Many may believe so, but science (“Science,” 2012) can not be devoid of art. Whenever art is taken out of science, it becomes mere technology. Consider for example the story of the so called Eureka moment of Archimedes (“The story behind Archimedes’ legendary ‘Eureka!’ moment #ItsNotMagicItsScience.com,” n.d.) when he realized that water gets displaced from his bath tub when he enters it. Whether he shouted ‘Eureka’ and ran naked through the streets in his excitement to inform the king, could well be fiction. The fact that his discovery happened neither in a laboratory nor while he was performing an experiment, points towards the ability of the mind to constantly wonder, question, analyze, deduce and express… exactly the process an artist undergoes.
August Kekule (“Friedrich August Kekulé von Stradonitz - Wikipedia, the free encyclopedia,” n.d.), in 1865, published a paper describing the structure of the Benzene molecule. He had fallen asleep while pondering over the structure and dreamt of a snake holding its tail in its mouth, forming a ring like structure.
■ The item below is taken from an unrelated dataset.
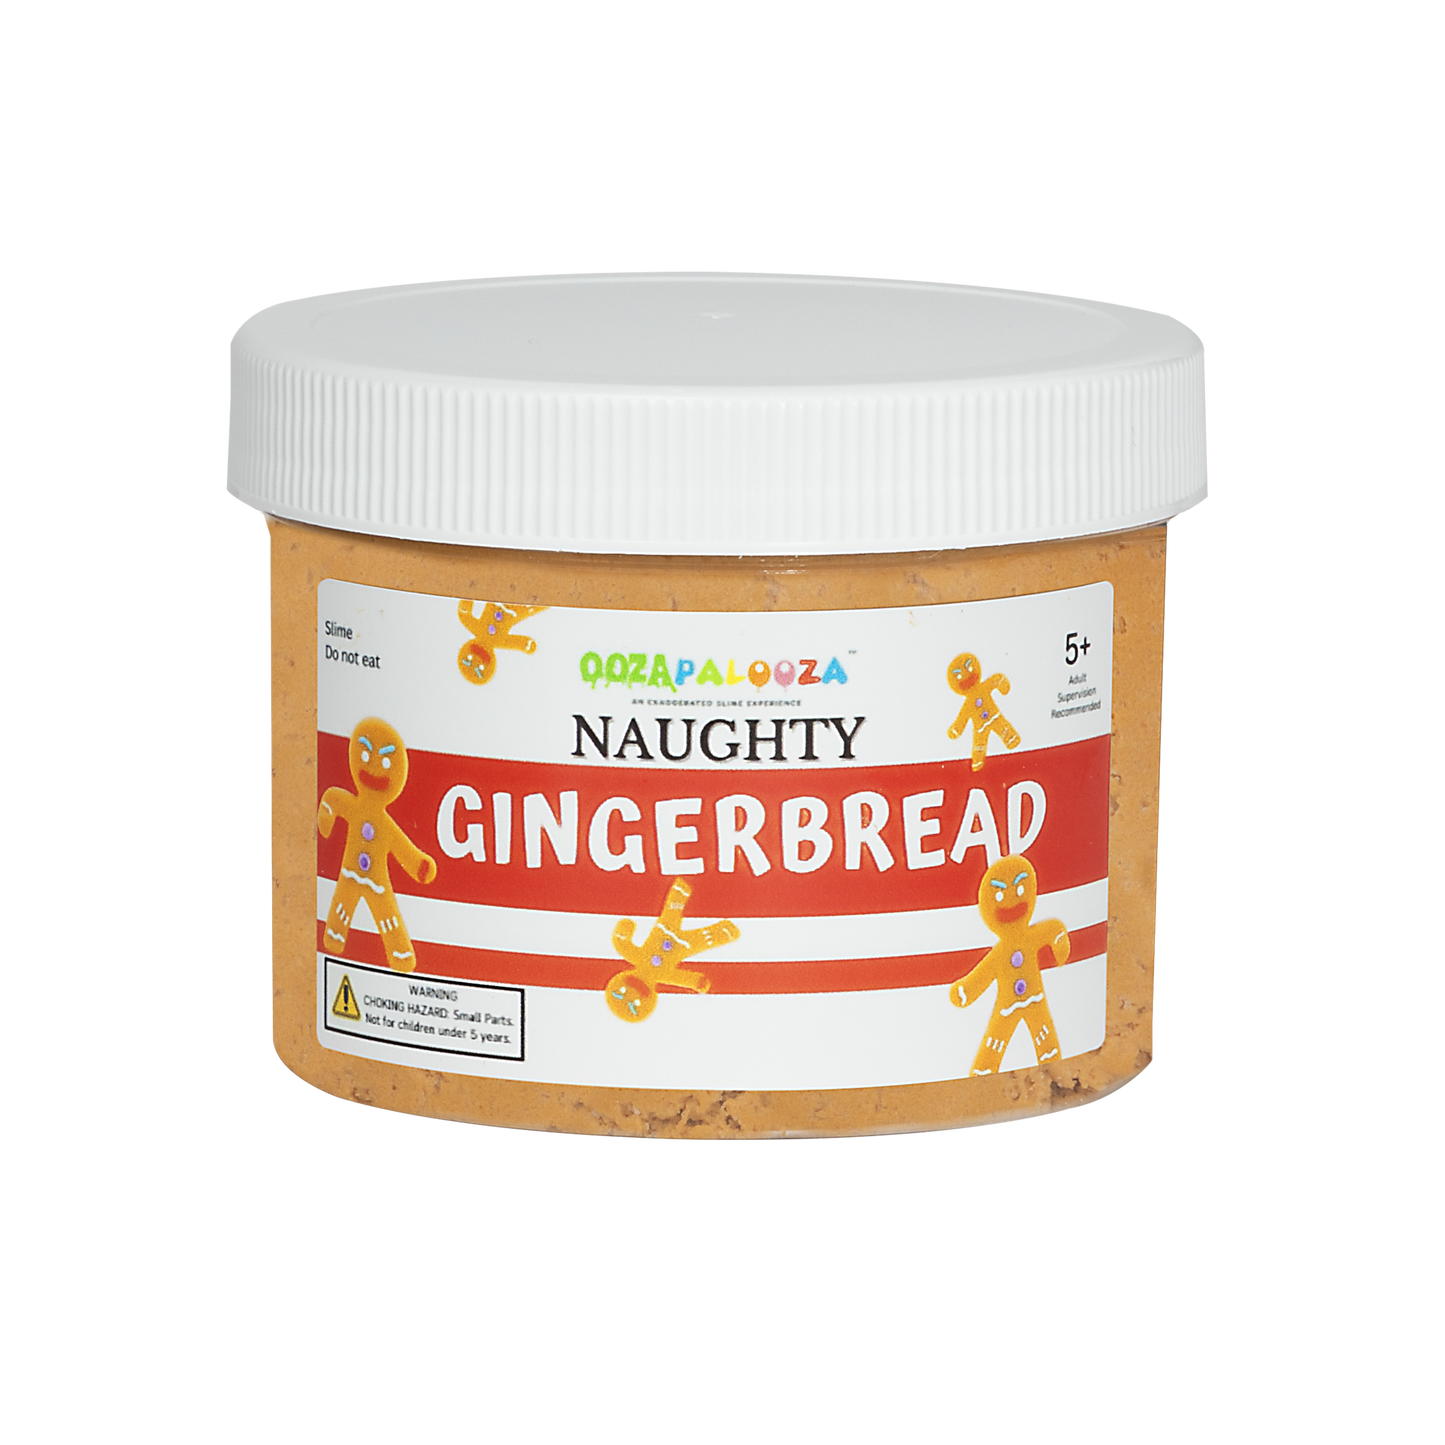 Naughty Gingerbread

He woke up and interpreted that ring as six Carbon atoms with alternating double and single bonds. Newton watched an apple fall and contemplated about gravity. Galileo Galilei’s (“The Galileo Project,” n.d.) passion turned him almost blind towards the end of his life because of his gazing at the sky and the sun for years through his telescope, to confirm, re-confirm and re-affirm that the earth is not as holy and powerful as religion suggested and that it revolved around the sun. Having uttered the blasphemous words and post his inquest by the church, he was made to retract his statement and confined to his house for the rest of his life, perhaps to prevent the world from getting polluted by his thoughts. Yet, his thoughts prevailed and changed the way we think today. As per the play Galileo, written by Bertolt Brecht, the well known German playwright, Galileo encouraged his students (before he was barred by the church to experiment and teach about the celestial bodies in the sky) to question and challenge one’s own ideas in every possible way and to re-examine them from every possible angle to see if they really work. In other words, not only did he just look at the planets and the stars but he also tried to interpret and deduce by letting his mind free to imagine, think and create concepts beyond what he saw. That is the way of science to develop logic – question, examine, understand, conceptualize, explain and express.
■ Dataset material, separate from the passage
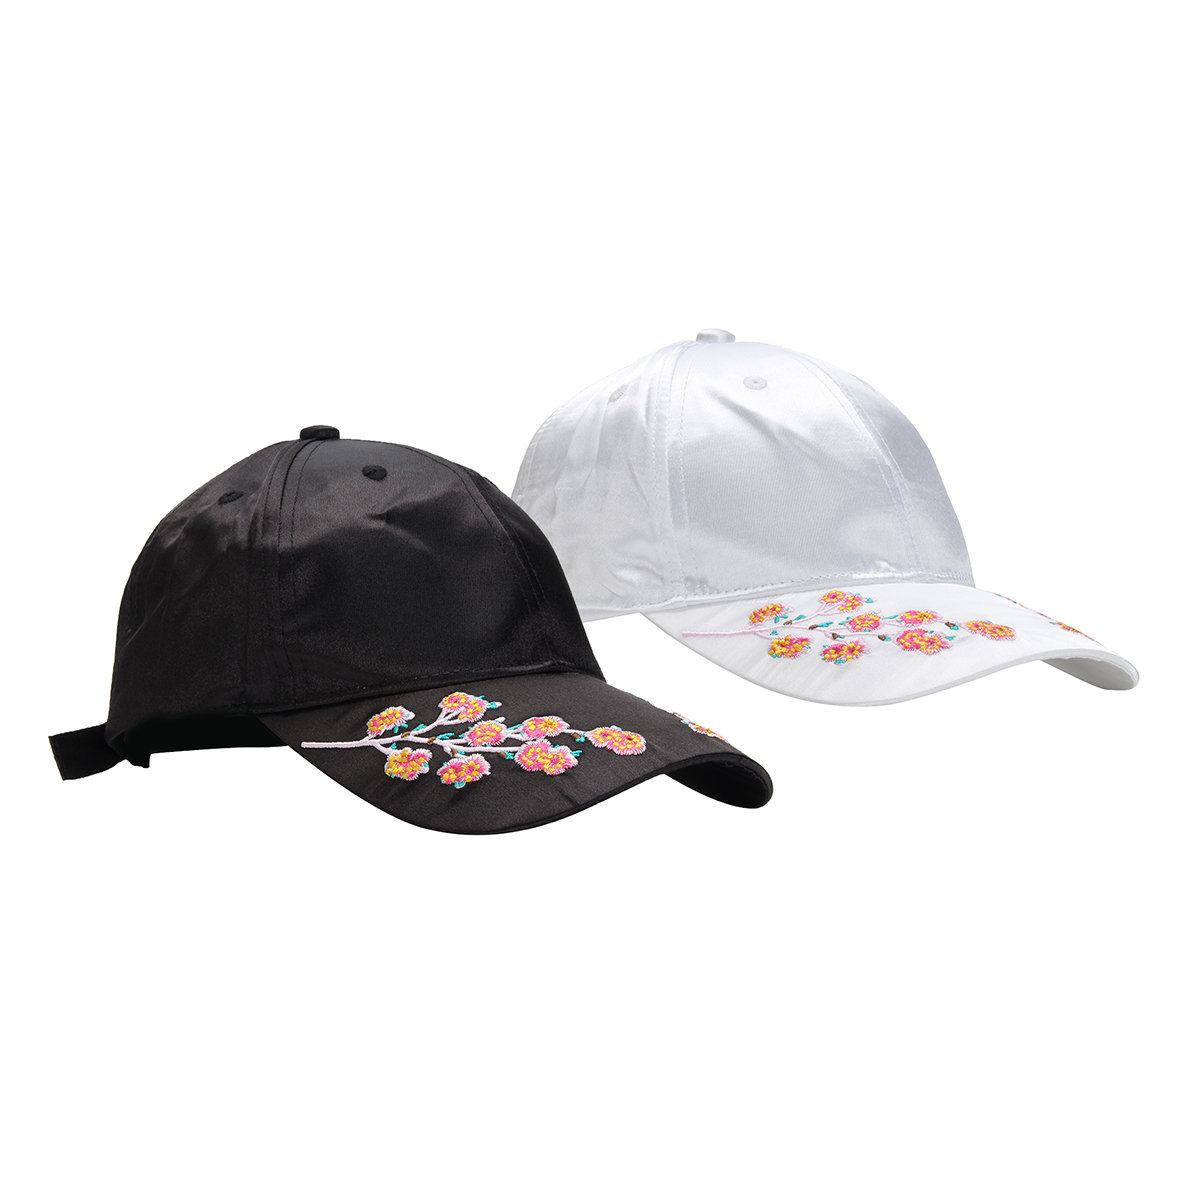 

Women Plum Embroidery Cotton Baseball Cap Travel Sunscreen Snapback Caps Hip Hop Hat, White black

The word ‘science’ itself came from Latin ‘scientia’ which means ‘knowledge’. It refers to a way of ‘pursuing knowledge’, not just knowledge itself, and that is the way of constant questioning. Art on the other hand, engages people by questioning, thinking, exploring and expressing what the artist has figured out after an exploration of whatever he is engaged with. Galileo was an artist in terms of perfecting his ideas and explanations through observations of the planetary motions and questioning of the existing concept of the crystal sphere that held the universe together. It was his passion that led him to peep through his telescope and deduce that the earth revolves around the sun which he then expressed in words. Another interesting fact, and perhaps the bigger reason why the church got after him, was that he chose to publish his thoughts about the earth and the sun in vernacular Italian, rather than Latin (the language used for the elite and professional scientific discourse at that time). This was a deviation from the norm, like an artist trying to take art beyond the confines of the elite art galleries and hallowed spaces, to the common people, in a bid to experiment with the reach of newer ideas. That little act of his made the common people connect with a larger idea of questioning things in life, rather than remaining subservient to the authorities.